We project Smith gets the start Tuesday because he’s the clear-cut best catcher on the Dodgers and because Clayton Kershaw is not the starting pitcher. But Smith is 0-for-9 against Lauer (that’s called being due!) and Austin Barnes is 5-for-14 with a home run. Monitor the Dodgers’ lineup on Underdog MLB’s Twitter and if Dave Roberts opts for the track record over the talent, start Barnes in his place.
In what has been a topsy-turvy season for the Yanks so far, Rizzo has been the marker of consistency. His average, on-base percentage, slugging, OPS and OPS+ are all less than 10% off from his All-Star career averages in either direction. And with Aaron Judge sidelined, Rizzo leads the team in basically every major offensive category.
This column isn’t a space to wax poetic about any given player, but Rizzo is worth making an exception. For someone who’s never been an MVP finalist (his highest finish was fourth, back-to-back in 2015-16), he’s done everything else you’d want in a big-league career. Three All-Stars, four Gold Gloves, a Silver Slugger and a World Series ring. Not at all bad for a former sixth-rounder from Parkland, FL.
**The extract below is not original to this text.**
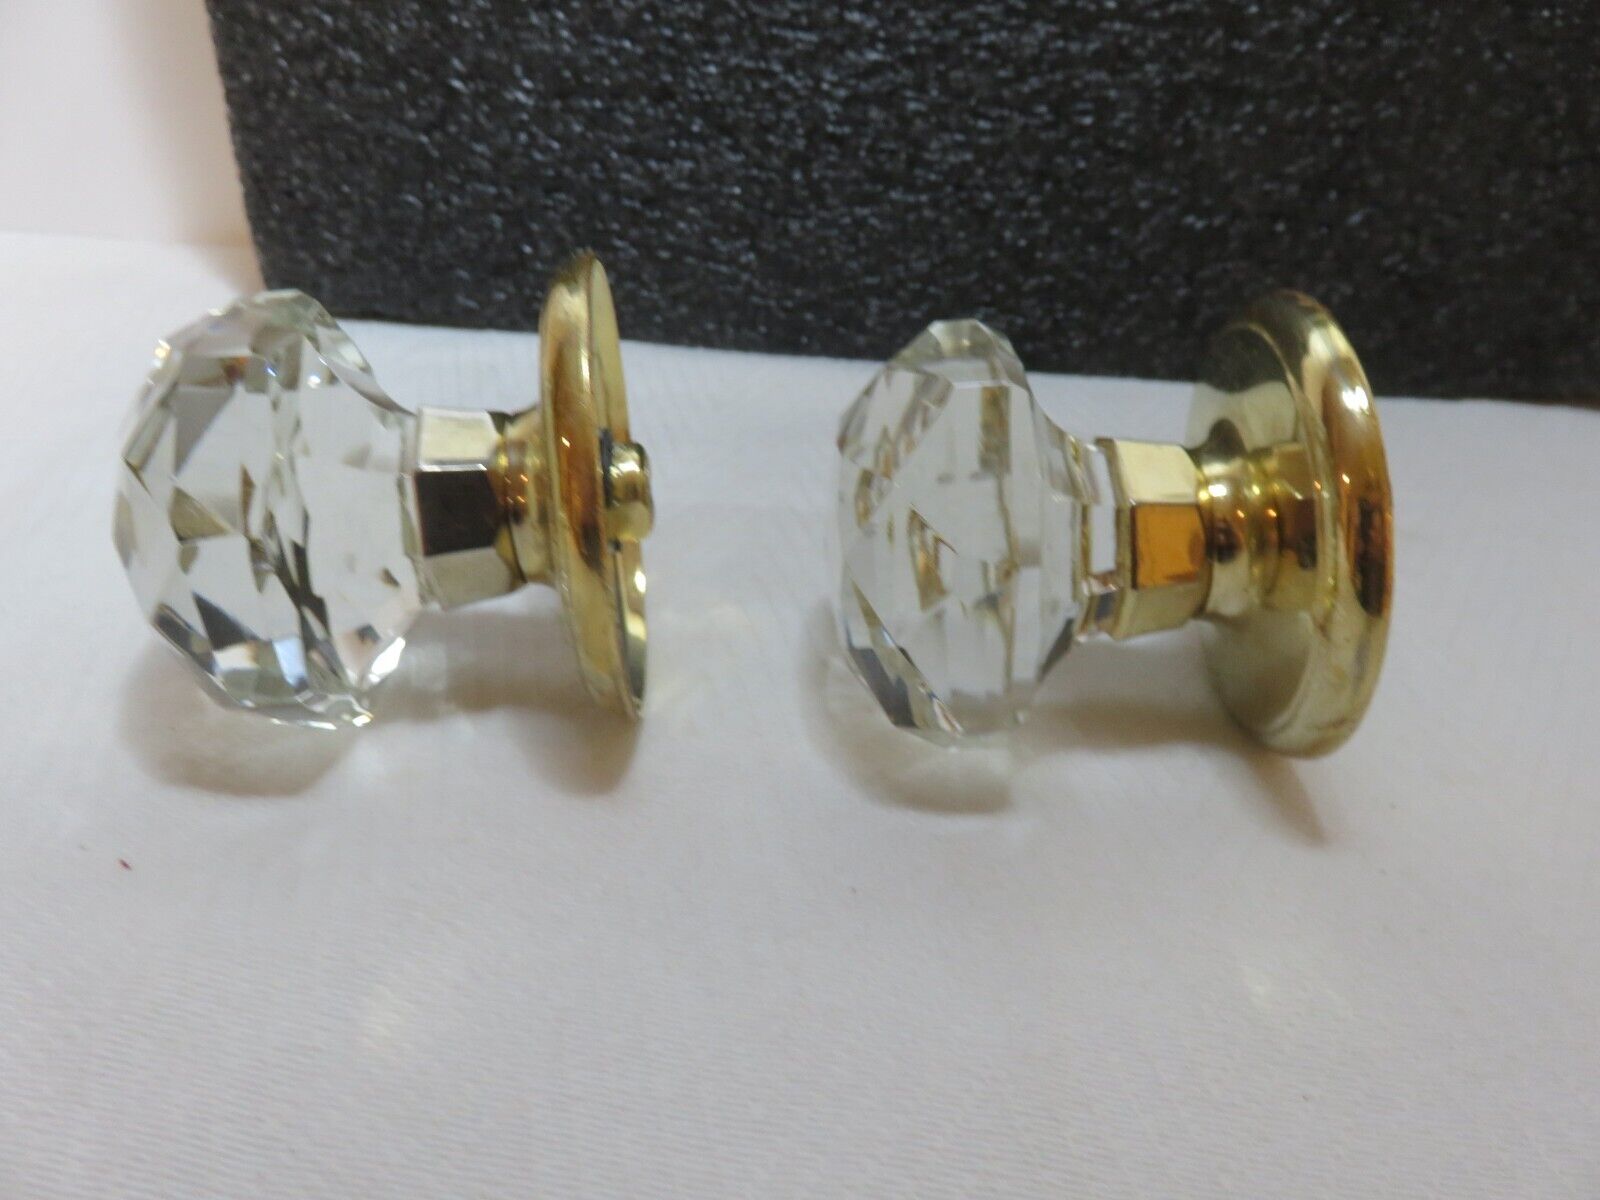 Vintage Gainsborough certizing crystal ? door knobs made in Australia

Against the A’s and journeyman starter Drew Rucinski (journeyman in the truest sense of the word, since he took a five-year hiatus from MLB that included time as the Opening Day starter of the 2020 KBO champion NC Dinos), it is safe to infer that the Yankees can expect to score runs. When they’ve done that this season, Rizzo has been leading the charge more often than not. Sometimes, the logic behind these picks flows beautifully.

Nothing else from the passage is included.